Issue de l’EPFL et également sélectionnée par Venture Leaders, Saman Tree Technologies développe un nouvel outil de technologie médicale, destiné à la chirurgie endoscopique. «Il s’agit d’un microscope permettant, grâce à une micropuce, d’obtenir une image de haute résolution sans perdre en surface d’observation», explique Davor Kosanic, cofondateur de Saman Tree Technologies avec Bastien Rachet.

La technologie se base sur un procédé de microtechnologie en lieu et place d’une lentille optique. «Le gastro-entérologue peut ainsi procéder à une histologie in vivo», résume Davor Kosanic, chercheur au Laboratoire de chimie physique des polymères et membranes de l’EPFL. «L’idée est d’amener directement l’outil du pathologue au bout de l’endoscope. Le chirurgien peut ainsi évaluer plus précisément le stade et la dangerosité d’une tumeur.» Actuellement, cela se fait en deux temps. Il y a d’abord un prélèvement des tissus suspects puis une analyse en laboratoire.

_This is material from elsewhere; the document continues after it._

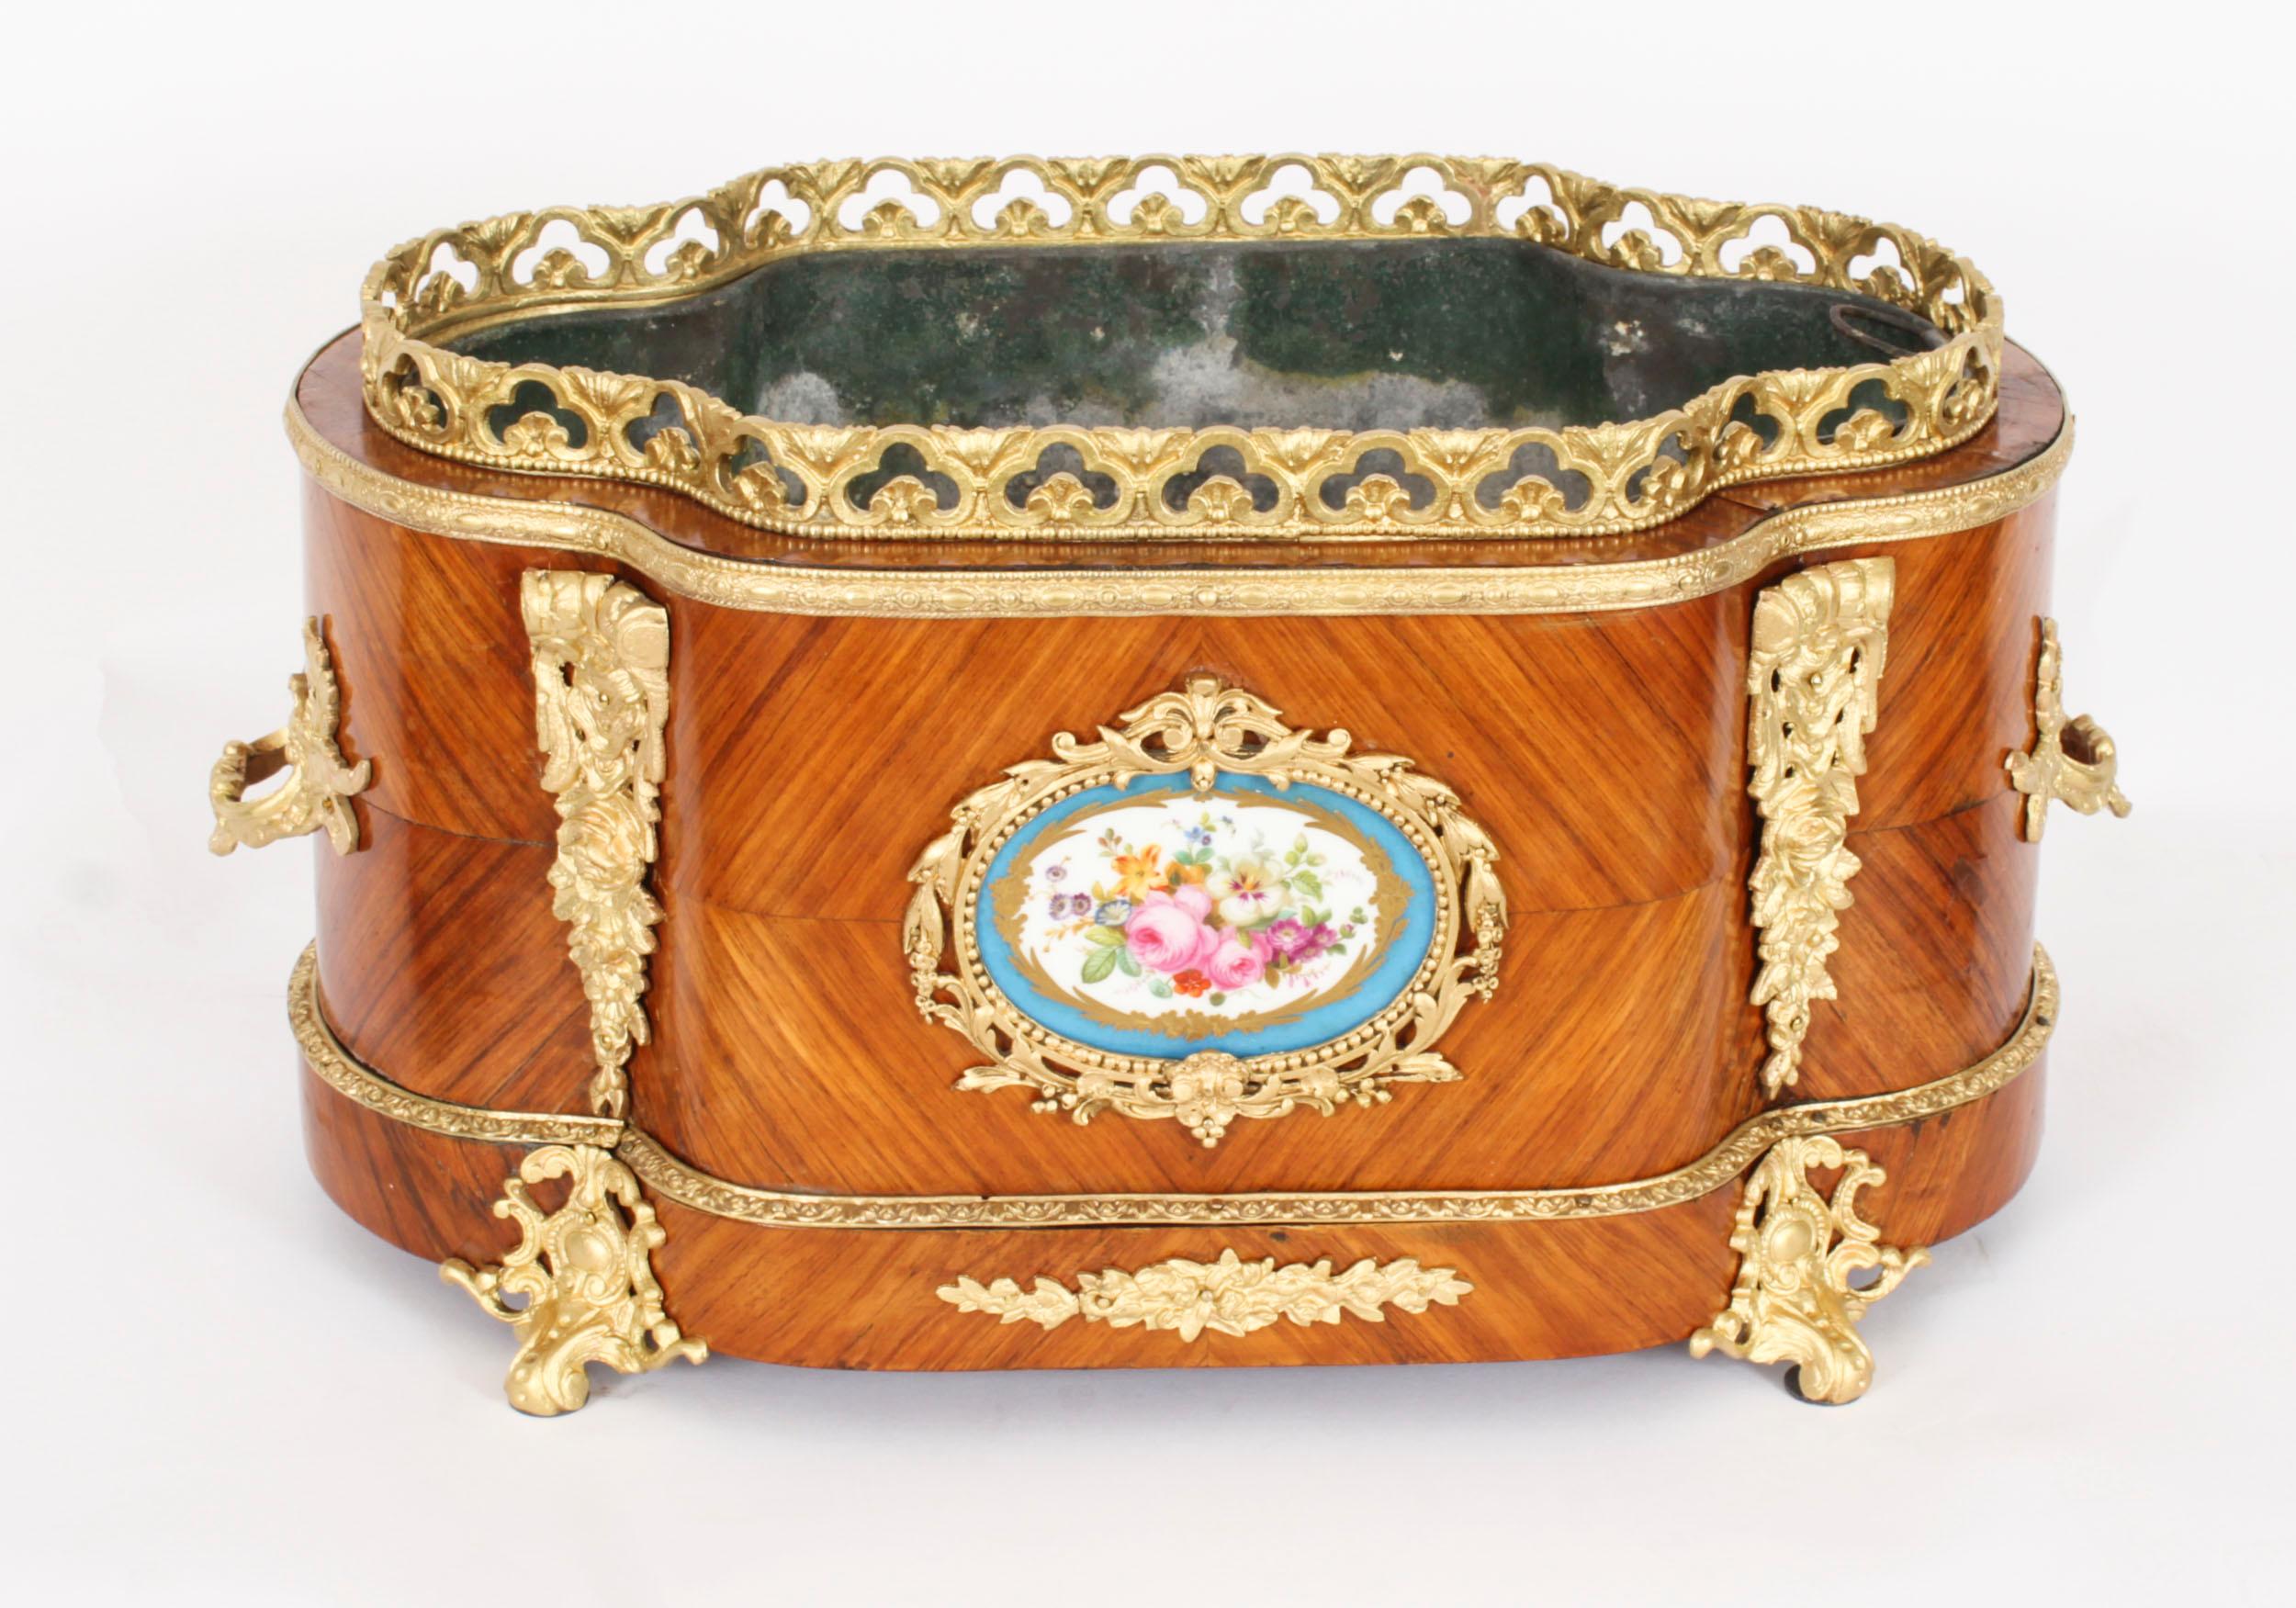 Antique French Sevres Porcelain Ormolu Mounted Planter Jardiniere 19th Century For Sale 4

Alors que l’imagerie endoscopique conventionnelle travaille dans le domaine du millimètre, la nouvelle technologie optique devrait permettre de passer au-dessous du micromètre, soit un champ d’activité plus petit qu’une cellule vivante. «En observant la structure cellulaire, notre microscope devrait permettre de détecter des tumeurs précoces qui ne peuvent pas être repérées avec des techniques d’endoscopie traditionnelles», affirme Davor Kosanic, cofondateur de Saman Tree Technologies, une start-up soutenue par les laboratoires des professeurs Horst Vogel et Jürgen Brugger ainsi que les bourses du programme Systems X et la Fondation Gebert Rüf.

Le prototype académique est désormais terminé. L’équipe travaille actuellement à la miniaturisation de l’instrument pour adapter ce nouveau microscope aux endoscopes. Des négociations sont en cours avec des partenaires industriels afin d’envisager des essais cliniques en 2013. D’autres applications sont d’ores et déjà envisagées, notamment dans le contrôle qualité ou la surveillance de culture cellulaire.